The above pattern makes TextDiffBuilder >> #lcsFor:and: run for a while. My results are a bit surprising: CogVM: 2914 SqueakVM: 1900
MessageTally shows that (I wonder if it's accurate with Cog at all) CogVM's garbage collector is a bit better, but it runs the code slower than SqueakVM:
CogVM: **Leaves** 60.6% {1886ms} TextDiffBuilder>>lcsFor:and: 36.2% {1127ms} DiffElement>>= 1.8% {56ms} ByteString(String)>>=
**GCs** full 1 totalling 153ms (5.0% uptime), avg 153.0ms incr 21 totalling 76ms (2.0% uptime), avg 4.0ms tenures 13 (avg 1 GCs/tenure) root table 0 overflows
SqueakVM: **Leaves** 46.8% {888ms} TextDiffBuilder>>lcsFor:and: 35.3% {670ms} DiffElement>>= 9.8% {186ms} ByteString(String)>>compare:with:collated: 6.9% {131ms} ByteString(String)>>=
**GCs** full 3 totalling 254ms (13.0% uptime), avg 85.0ms incr 301 totalling 110ms (6.0% uptime), avg 0.0ms tenures 272 (avg 1 GCs/tenure) root table 0 overflows
Is Cog slower because #to:do: loops are not optimized, or is there some other reason for the slowdown?
I can't say for sure without profiling (you'll find a good VM profiler QVMProfiler in the image in the tarball, which as yet works on MacOS only). But I expect that the reason is the cost of invoking interpreter primitives from machine code. Cog only implements a few primitives in machine code (arithmetic, at: & block value) and for all others (e.g. nextPut: above) it executes the interpreter primitives. lcsFor:and: uses at:put: heavily and Cog is using the interpreter version. But the cost of invoking an interpreter primitive from machine code is higher than invoking it from the interpreter because of the system-call-like glue between the machine-code stack pages and the C stack on which the interpreter primitive runs.

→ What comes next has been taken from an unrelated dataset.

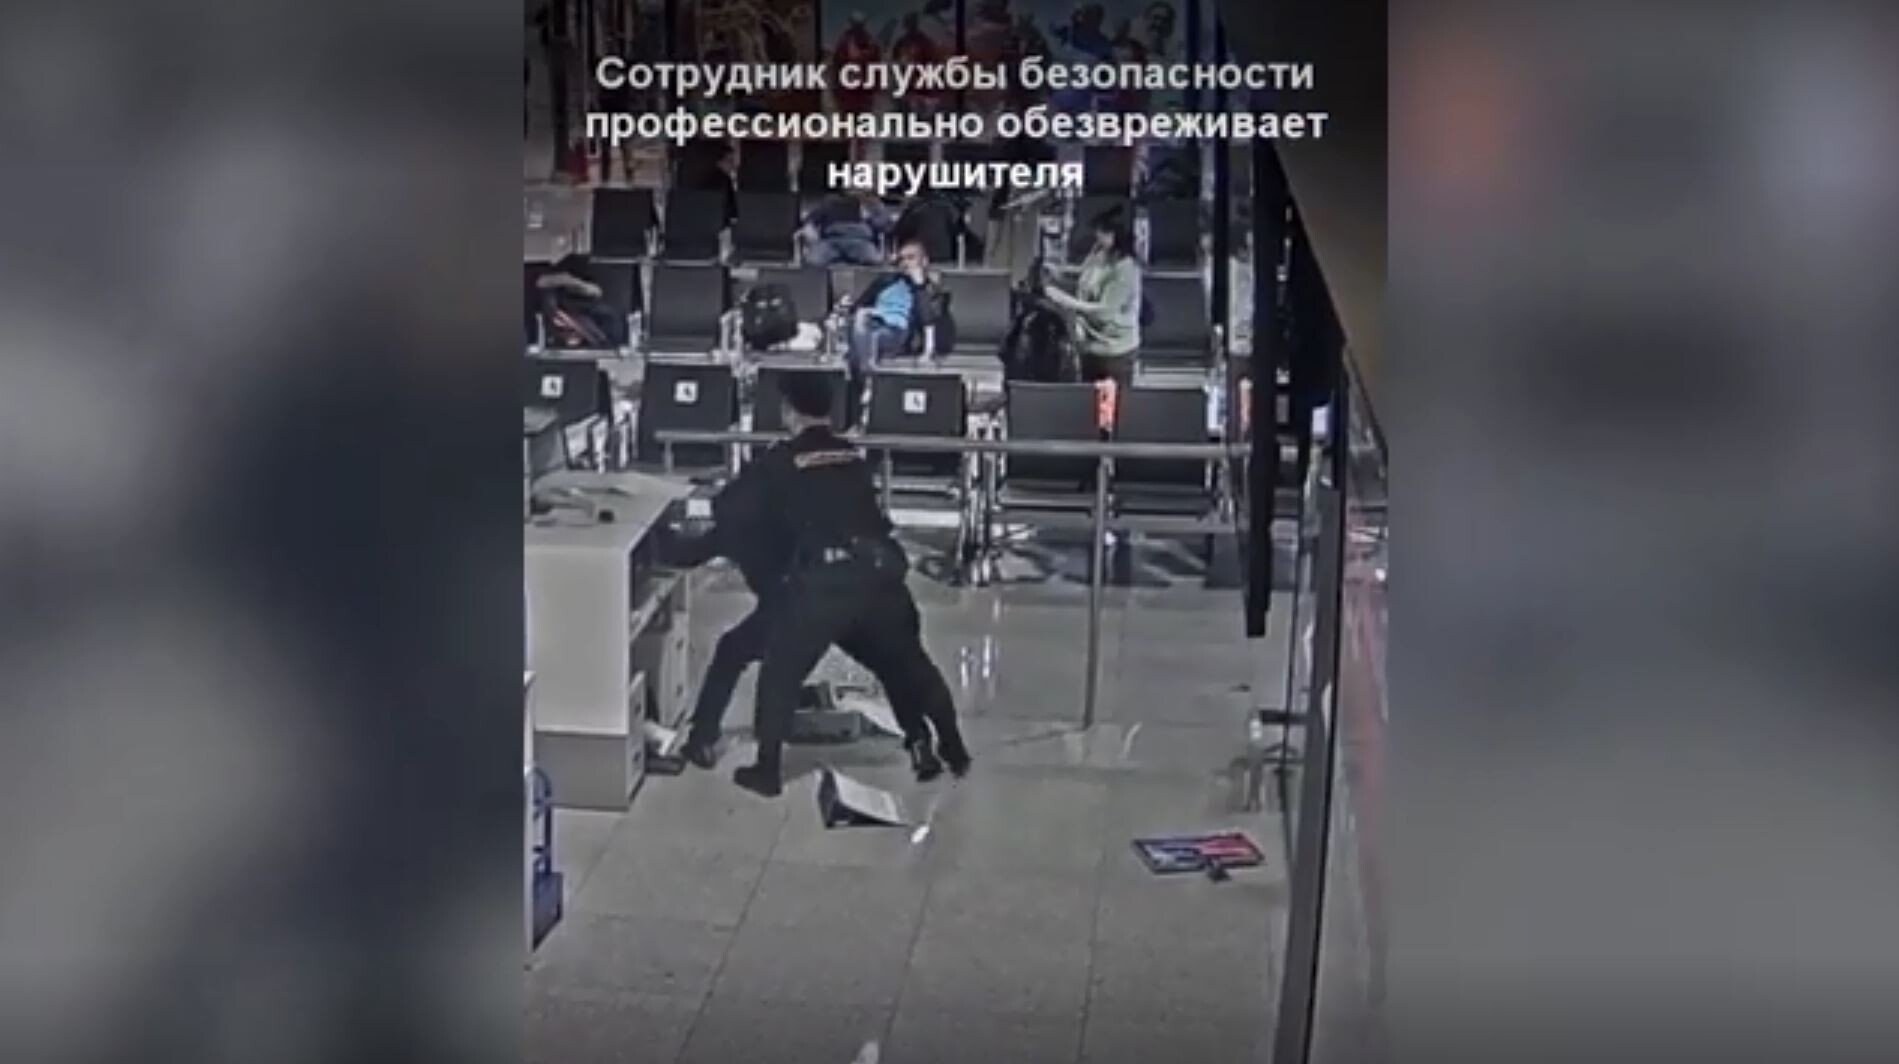 مسافر غاضب يدمر ممتلكات مطار شيريميتييفو بضواحي موسكو (فيديو)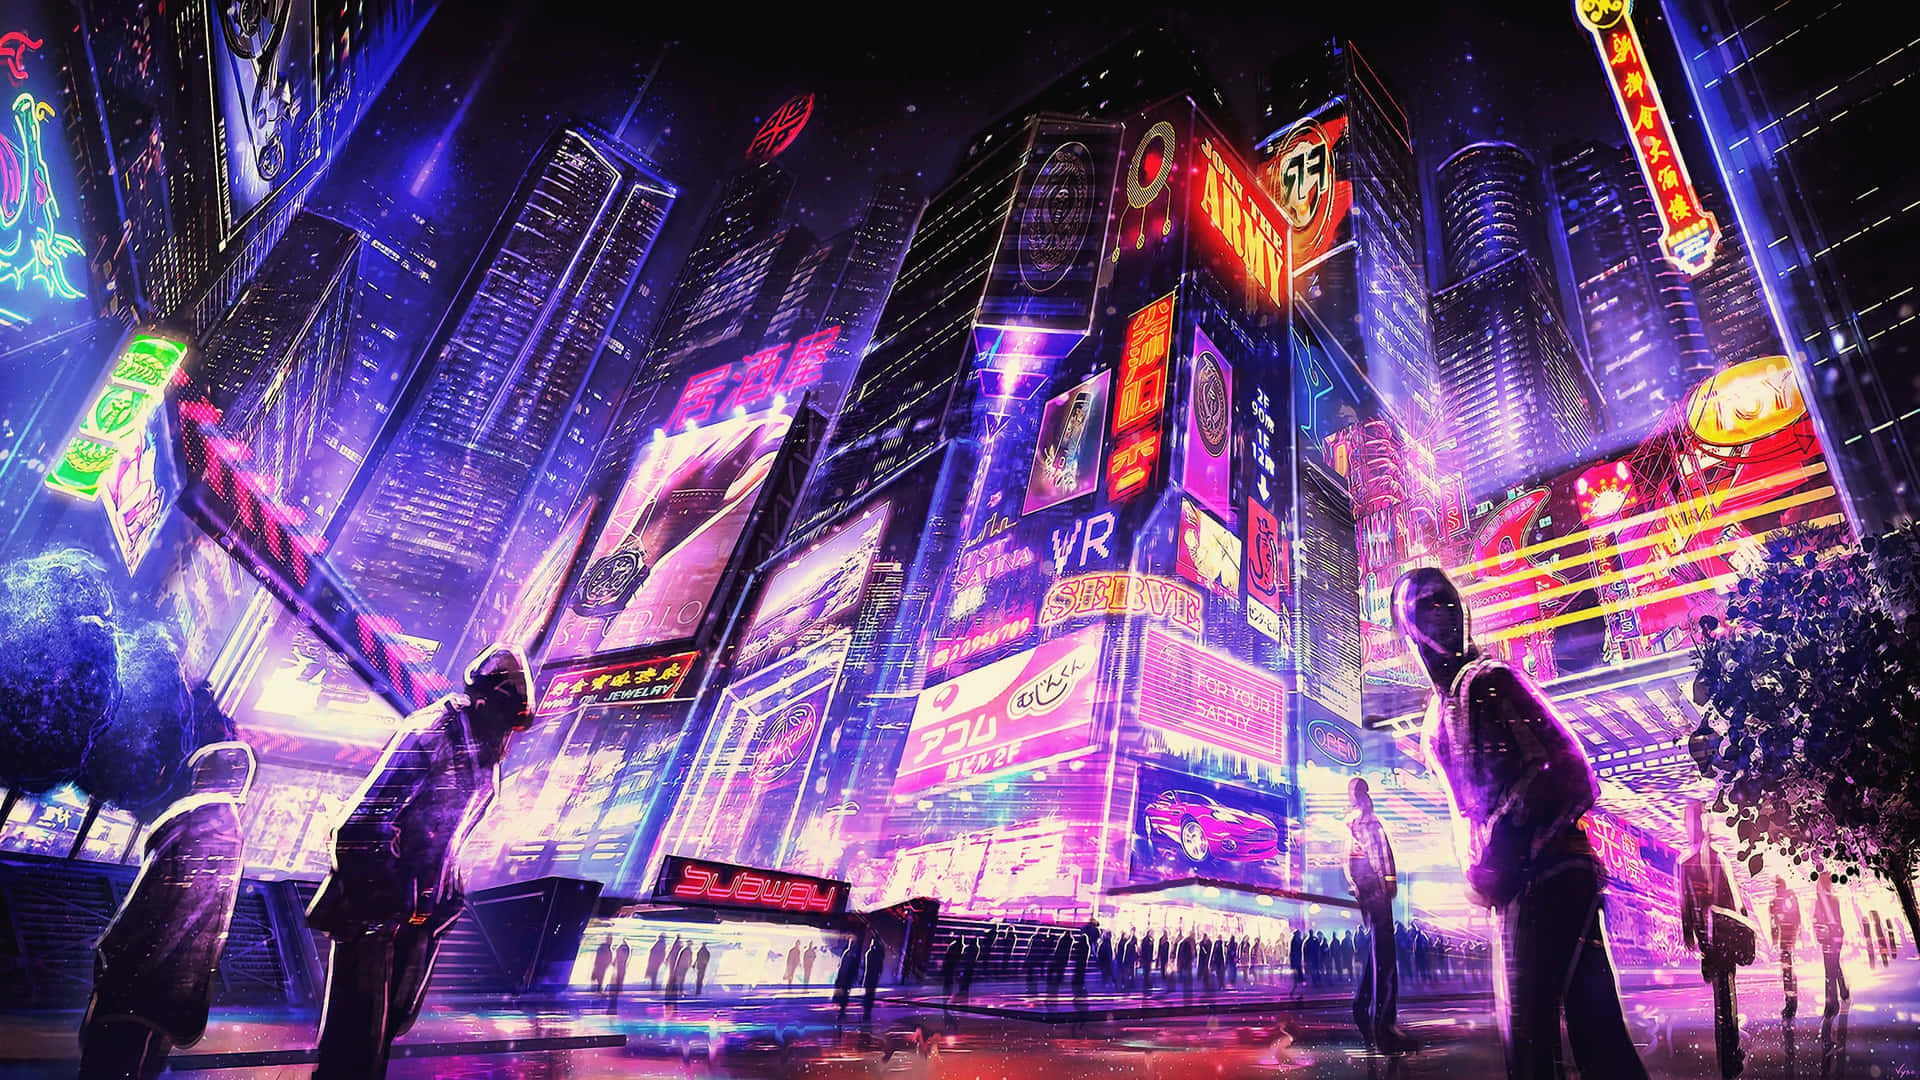 Explore the world of Cyberpunk City

Three primitives that are currently interpreter primitives but must be implemented in machine code for better performance are new/basicNew, new:/basicNew: and at:put:. I've avoided implementing these in machine code because the object representation is so complex and am instead about to start work on a simpler object representation. When I have that I'll implement these primitives and then the speed difference should tilt the other way.
Of course if anyone would like to implement these in the context of the current object representation be my guest and report back asap...
best Eliot
Levente